Provided material —
══════════
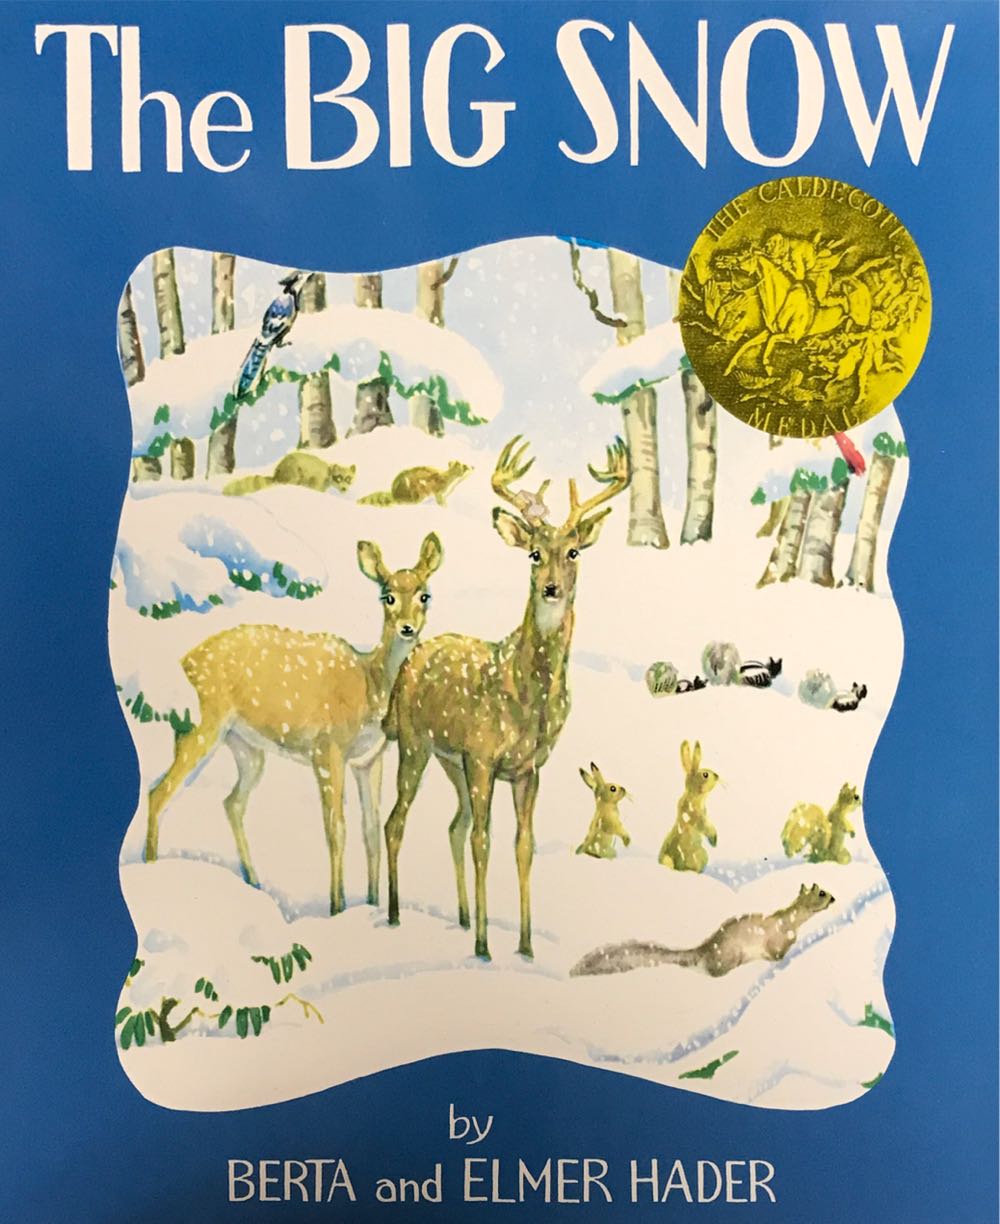 Big Snow, The - Berta and Elmer Hader (Scholastic Inc. - Paperback) book collectible [Barcode 9780590444392] - Main Image 3
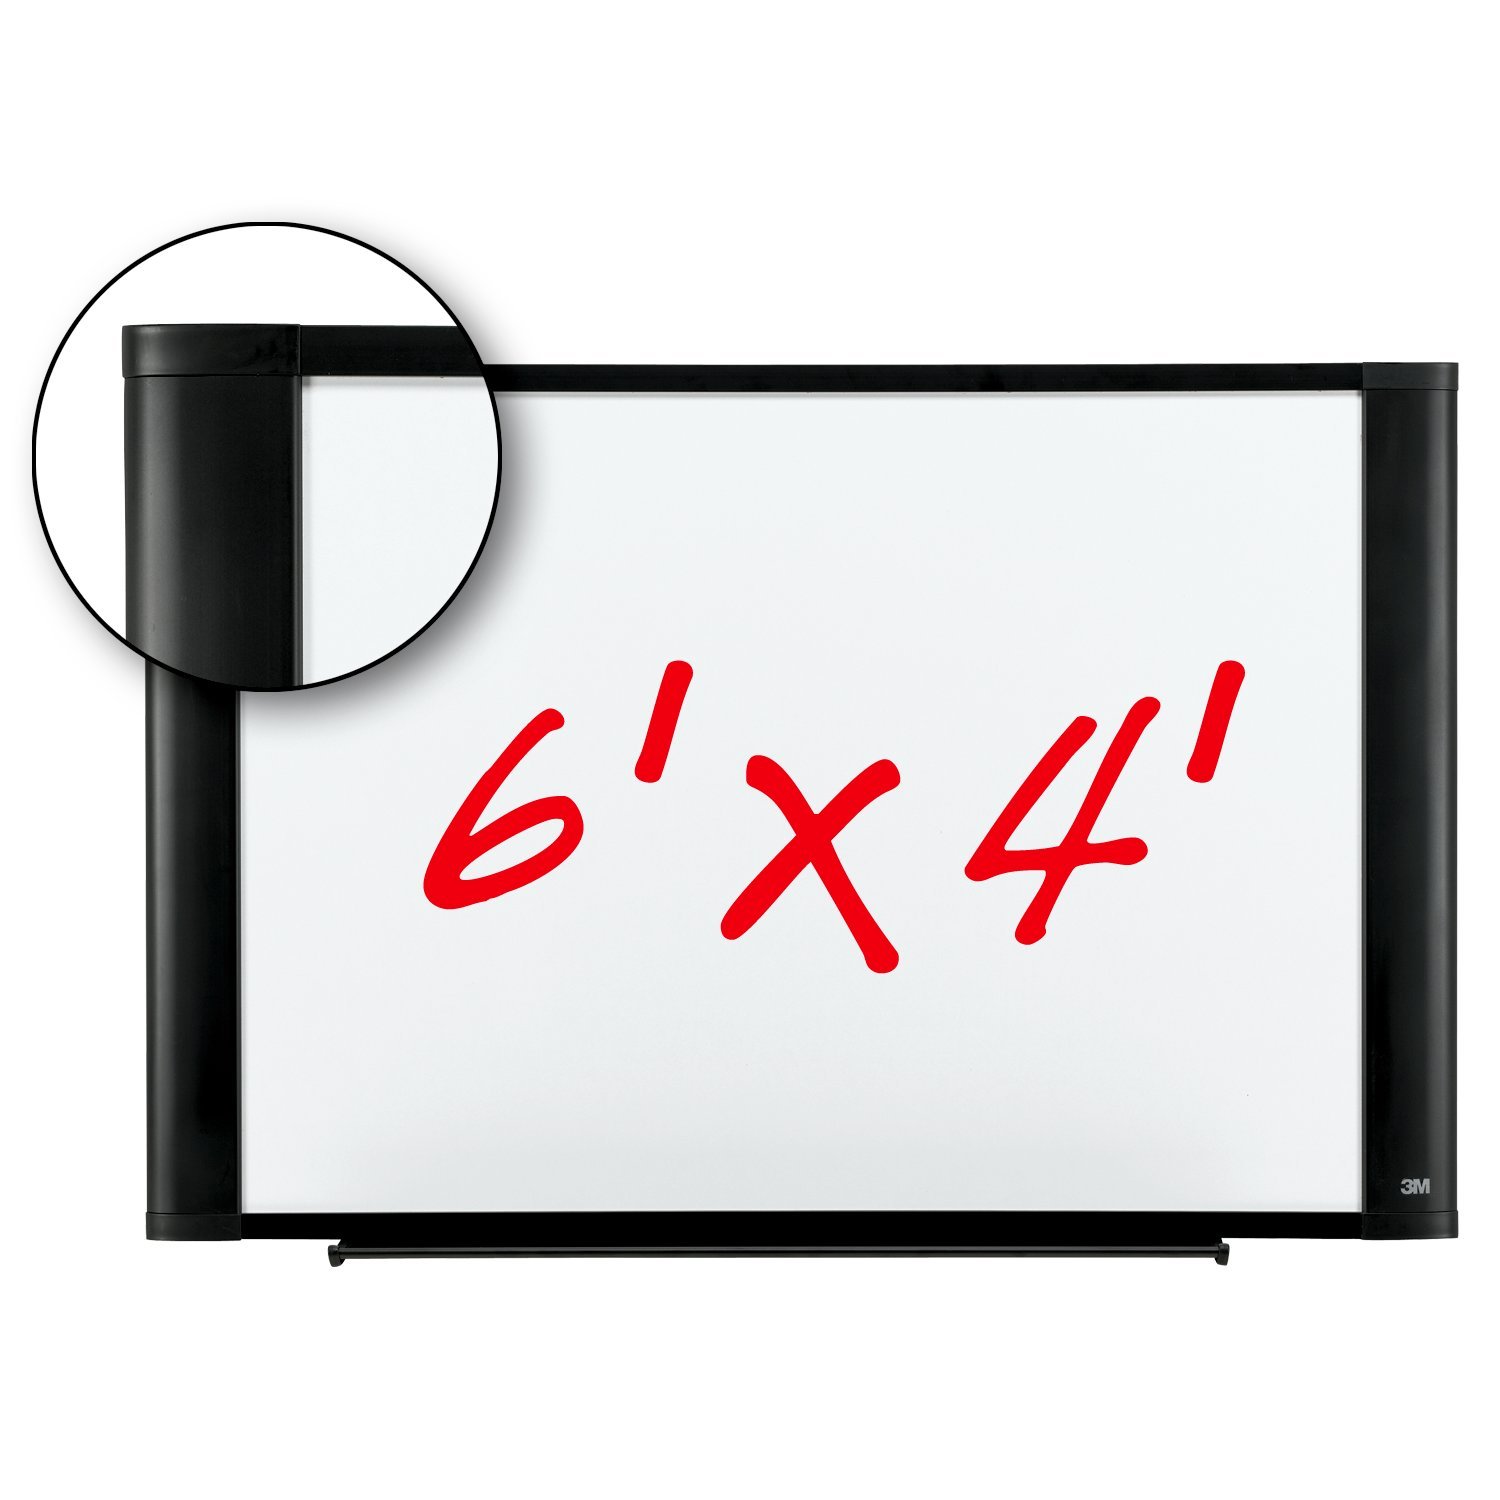 7010332241 - 3M Melamine Dry Erase Board M4836G, 48 in x 36 in x 1 in (121.9 cm x
91.4 cm x 2.5 cm) Graphite Finish Frame
══════════
Work to be completed — Write out the data precisely as given, excluding the pictures.

Finished task —
 Big Snow, The - Berta and Elmer Hader (Scholastic Inc. - Paperback) book collectible [Barcode 9780590444392] - Main Image 3
 7010332241 - 3M Melamine Dry Erase Board M4836G, 48 in x 36 in x 1 in (121.9 cm x
91.4 cm x 2.5 cm) Graphite Finish Frame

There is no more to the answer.